Some more advanced involve routing a groove into the drawer sides for wood runners to slide in. These types of course require a router, and probably a router table.

Either seems quite practical, but I imagine friction becomes an issue as weight goes up. On the simpler one where the drawer is basically built on top of a plywood base, the design is pushing the "made from just a sheet of plywood" but it seems to me, the "runners" would probably work better from MDF, or solid wood. MDF seems slicker than edge on plywood.

Just wondering if anybody has any experience building drawers without slides, that can point out pitfalls, and maybe limits of the concept. Adequately thick plywood I think would be plenty strong, but I imagine much weight in the drawers and they would become hard to move.

I was thinking about building an under bench storage unit with some drawers to hold 3D printer and model making supplies. Mostly bulky but lightweight materials, so thought that might be a good trial run to experiment with some cheap and easy drawer making techniques. I particularly like the idea of the plywood bottom also being the slides for its simplicity.

I think this is the video I watched, if not the exact one, it is quite similar.

I think I would add a full width drawer front to cover the slide slots and improve the appearance.
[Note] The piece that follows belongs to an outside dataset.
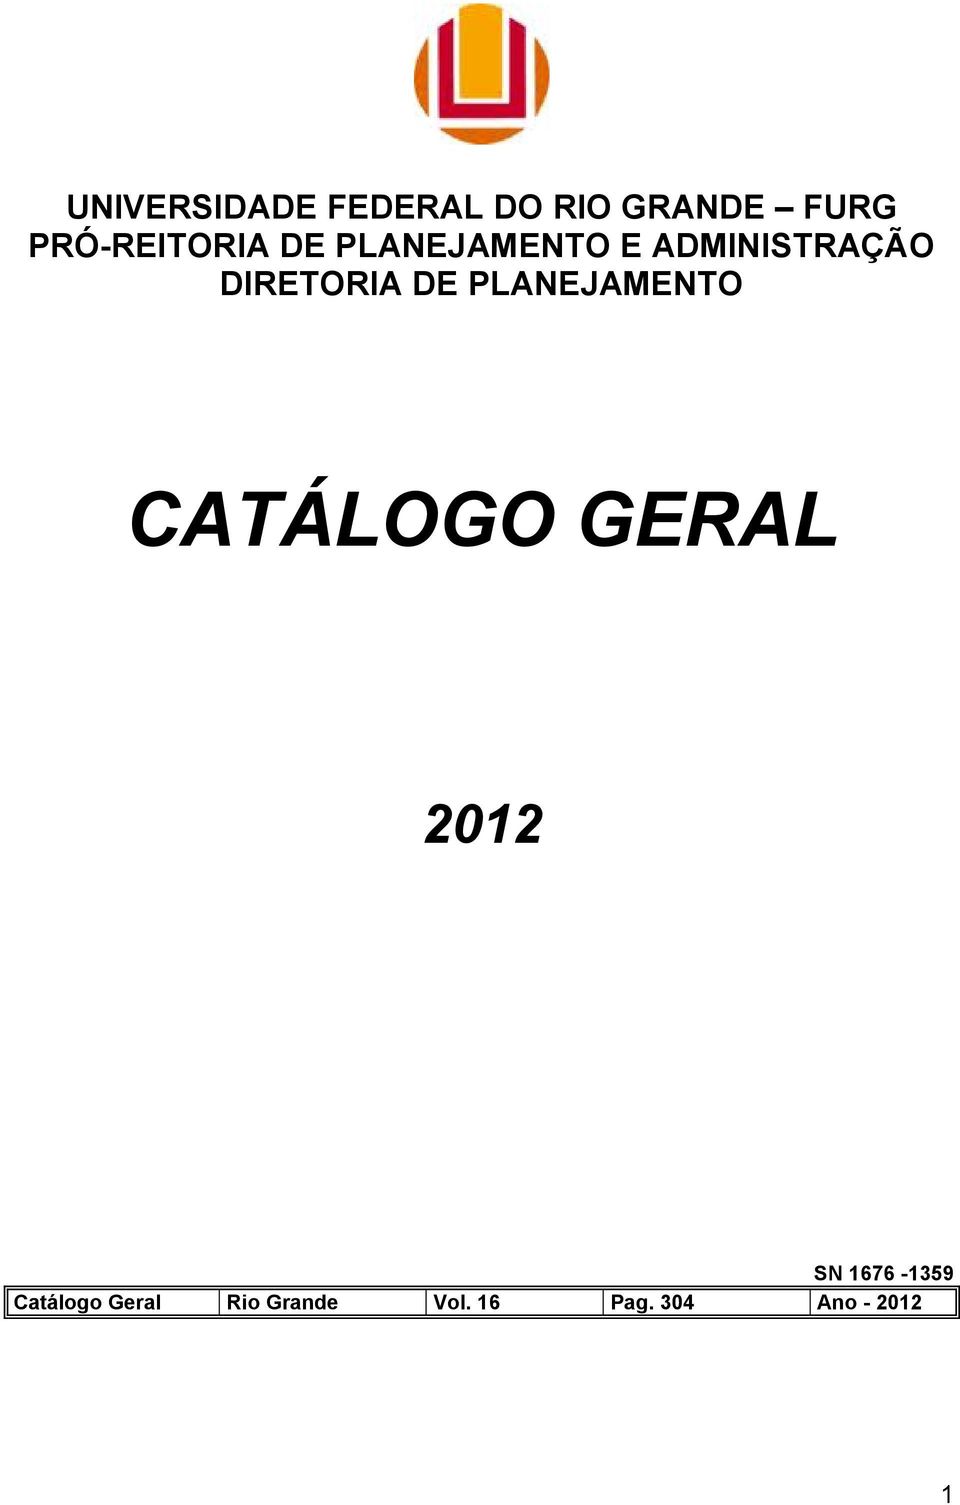 DIRETORIA DE PLANEJAMENTO CATÁLOGO GERAL 2012 SN

Wooden slides is more of a furniture class method. The only issue with wooden slides is if you make them too tight you have issues with them sticking in damp weather when the drawer swells. Then if you make them too loose the bind if you don't slide them straight back. I think the least problematic system is like this, the center guide keeps the drawer running straight in and you can make it sloppy enough wood movement isn't an issue.